I didn't note down exactly which camera this came from at the time. On the film there are a couple of shots of a girl on a doorstep; the rest of the photographs all suffer from camera shake- there is one shot of the same girl in a back garden, and a two pictures that look like a parade of some sort.





There's something romantic about releasing images that have remained latent on a roll of film for many years. The girl's dress and the domestic architecture date this to any time between the 1960s and early 1980s perhaps.

Sunday 27 February 2011

Paris Flea Market Finds


From the Porte de Vanves flea market:

Canon 514XL Super-8 cine camera: €20
Kinax green filter: €1
Five expired 126 film cartridges: €1 each

The 126 films are all still sealed; the Kodacolor film has a 'develop before' date of March 1991, the Perutz films have a date of May 1974. Quite possibly a waste of €5, but with 126 film no longer manufactured, I was intrigued to see whether the films might produce images from a Kodak Instamatic camera I have. While event-crewing last summer, I didn't want to take a 'proper' camera on jobs with me, but finding the Instamatic 50 in a drawer with a film in it, I took this. The film was Agfa XRG 200, and trying the fail-safe method of stand developing in Rodinal, a black & white film developer, produced some images.


The Perutz film is more interesting than the Kodacolor: it's a transparency film, although it doesn't use the E6 system of development, the only colour transparency system still available. It was originally process-paid, so inside the box is an envelope for the film and a number of different addresses around the world for Perutz labs which would develop the film, and return the mounted slides.


Perutz 126 Color Transparency film 64 ASA/19 DIN- expiration date May 1974.

What you get in the box:-

Foil wrapped cartridge of 64 ISO colour transparency film, 20 exposures
Process-paid return envelope in 7 different languages
Address label
Instruction leaflet in 7 languages
Leaflet listing Perutz Color Service processors in nine countries

Tuesday 22 February 2011

In Praise of the Olympus Pen


 The original Olympus Pen was a series of half-frame cameras produced by Olympus between 1959-1983 (the name has recently been revived for its Micro Four-Thirds digital system cameras). The Pen EE3 model came out in 1973 and was produced for a decade. It has a fixed-focus 28mm f1:3.5 Zuiko lens, which equates to 40mm in full-frame 35mm format. Exposure is controlled by a selenium cell meter surrounding the lens that matches aperture to one of two shutter speeds, either 1/40th or 1/200th. ASA (ISO) settings run from 25 to 400, and the camera has a hot shoe and PC socket for use with an external flash. If there is insufficient light, a red indicator appears in the viewfinder, and the shutter won't fire. There isn't much scope for manually overriding the automatic exposure, except by turning the film speed ring away from the ASA settings: there are distance markings from 1 to 4 metres for the dedicated GN14 flash, or aperture numbers for a generic flash. Without a film speed selected, the shutter defaults to 1/40th of a second for flash sync.
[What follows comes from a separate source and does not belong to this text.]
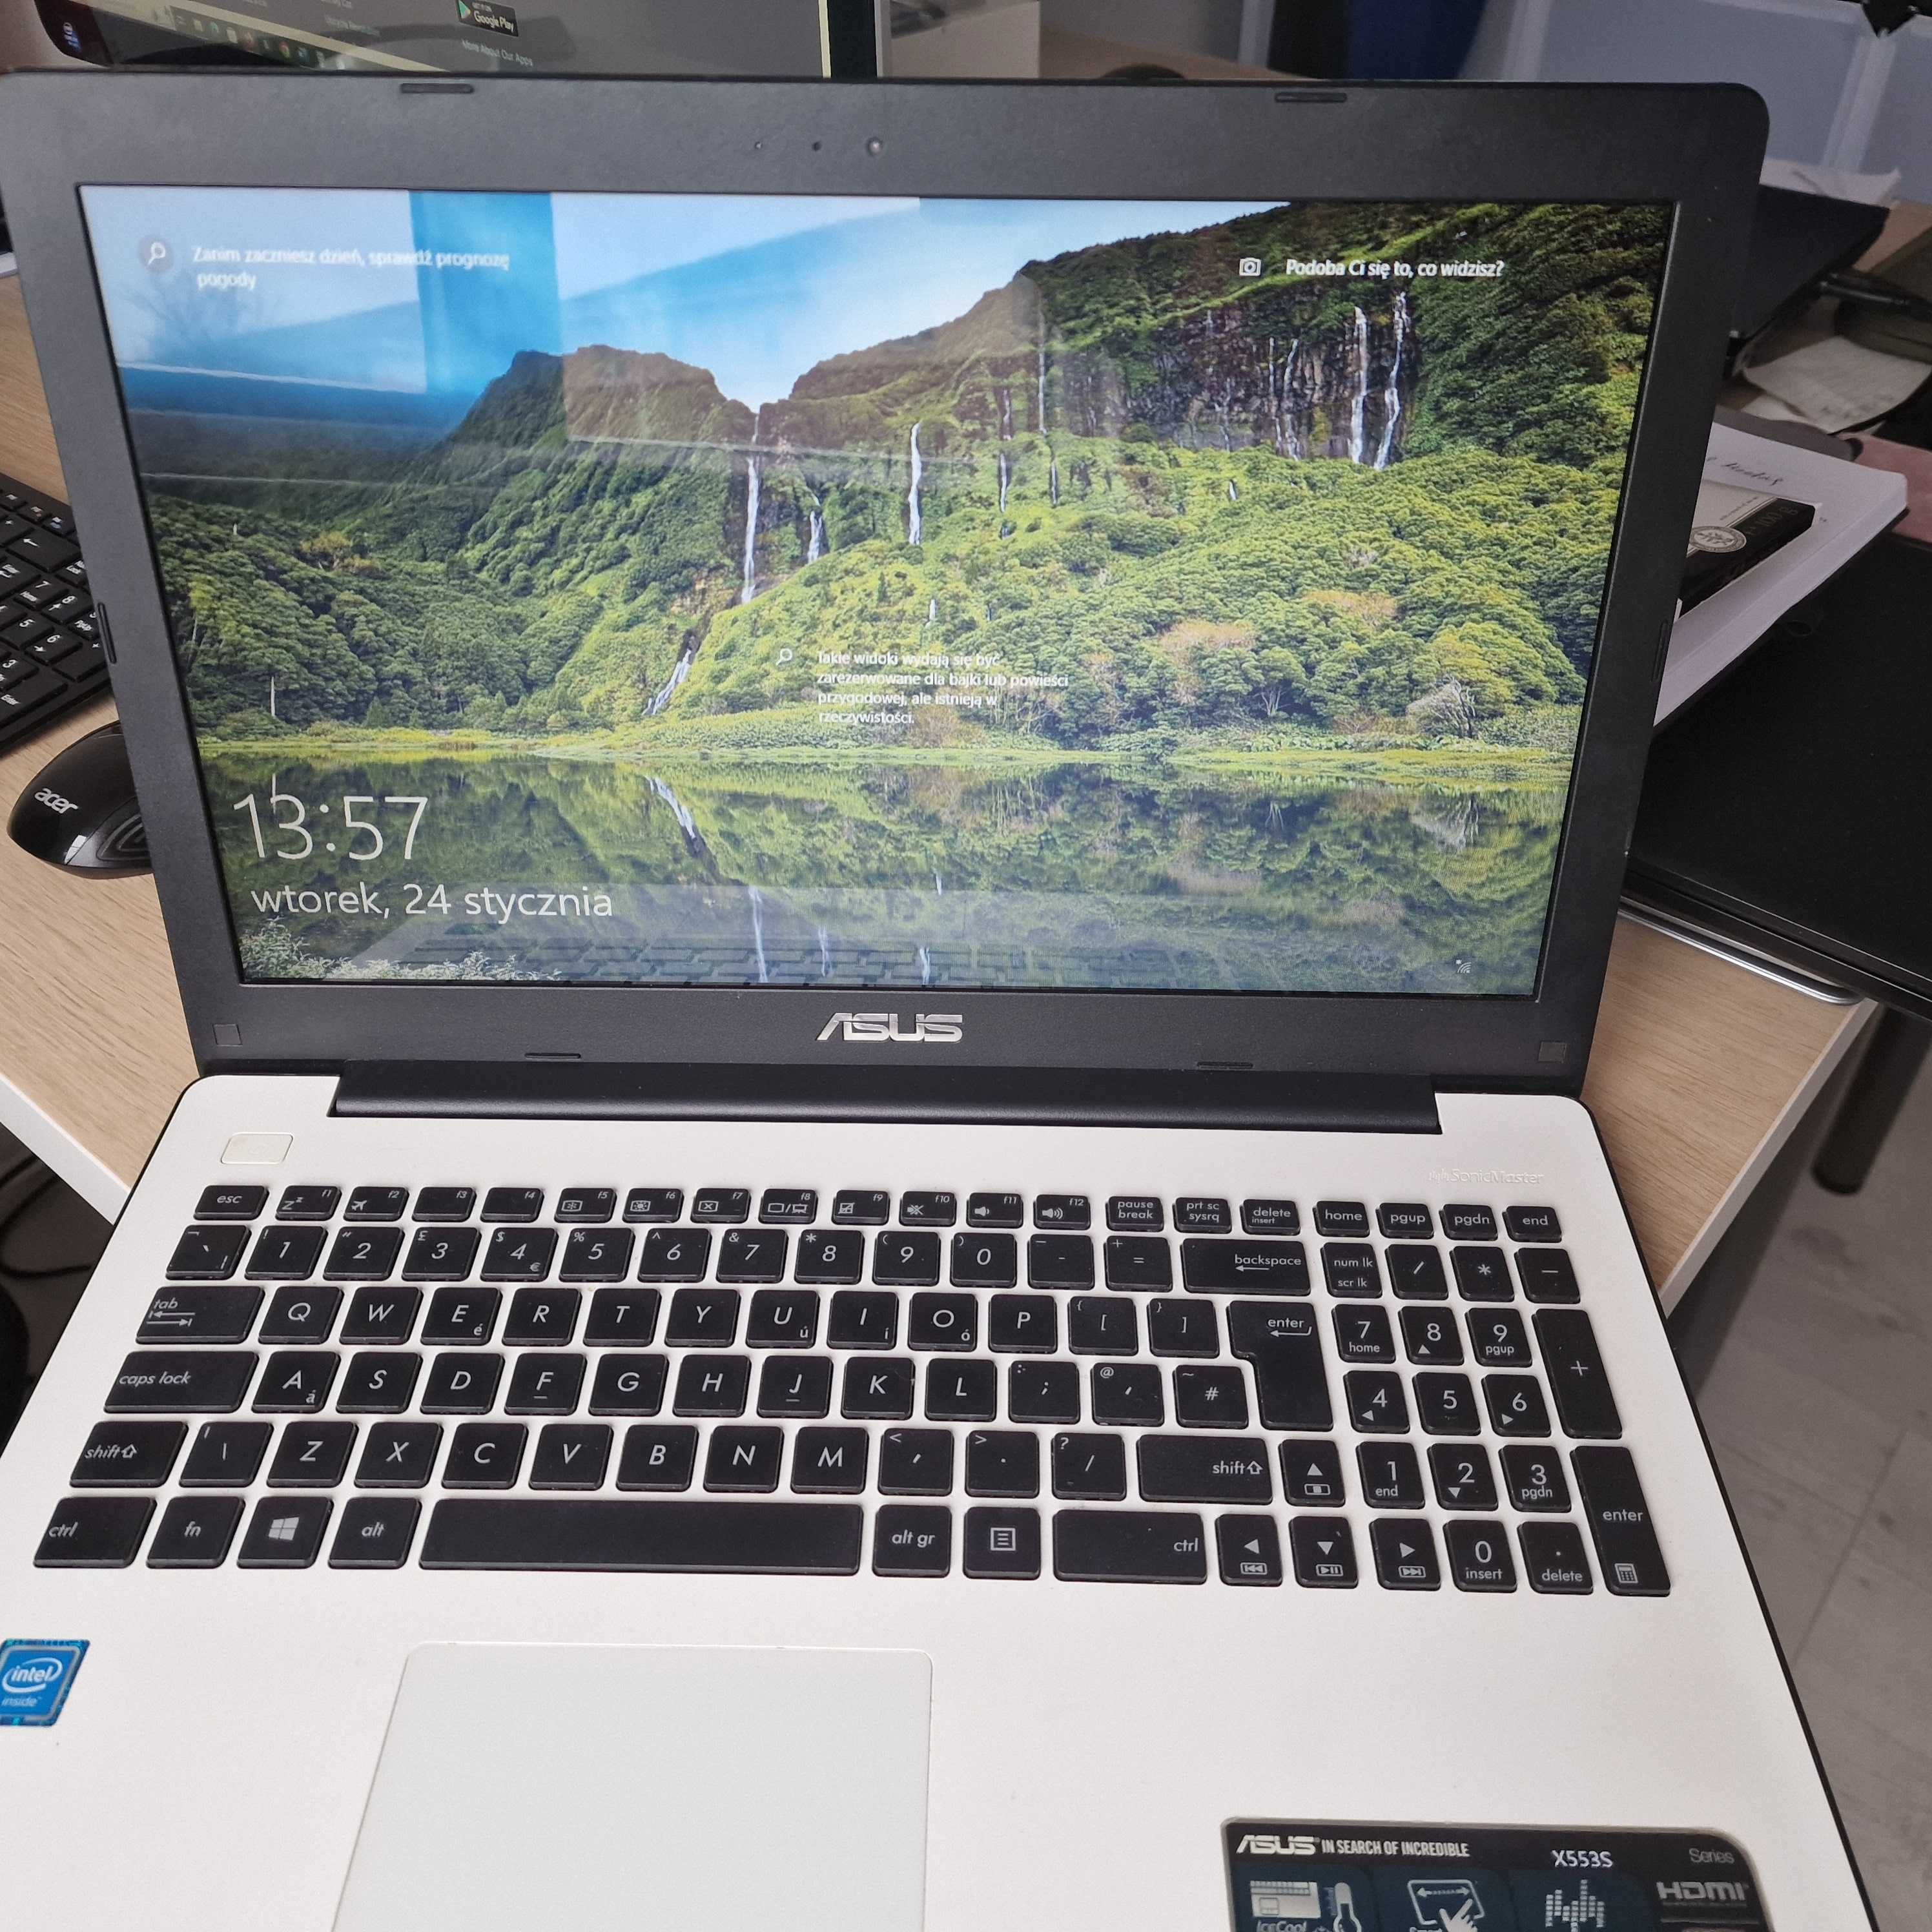 Laptop ASUS X553S 4GB Intel dual core

When I was at college in the 1990s, with the internet in its infancy, information about different cameras was harder to come by. Much of this simply came from talking to people with more knowledge and experience. A photography tutor at college, Mick Williamson, had been keeping a half-frame photo-diary, and I was inspired by this a few years later when a half-frame camera appeared in the window of the local camera shop. Before Ebay, a decent camera shop would have at most a few dozen secondhand cameras in stock at any one time. It could have been any model of half-frame camera; it happened to be the Olympus Pen EE3. I bought the camera just as I was about to leave college, and it came in useful for documenting the build-up to my end of year show. Using the Pen EE3 then was rather like the way most people use digital cameras today, film felt a lot less precious when one could shoot 72 frames before needing to change the roll. Compact for a film camera, it's small enough to carry around, works without batteries thanks to the selenium meter, and is easy to use: not needing to set exposure controls or focus the lens makes operating the camera simply about framing.


Olympus Pen EE3 sample

Of course, having an image area half that of a conventional 35mm frame does mean that the resultant photographs will have larger grain relative to their size. Set against the smaller frame size however, the Zuiko lens is pretty sharp, and the results are good especially when used with slower, finer grained films. The above image was shot on FP4 film, rated at 200 ISO (I personally like the slightly increased contrast of pushing the film 2/3s of a stop, as well as the extra speed), developed in Rodinal at a dilution of 1:50.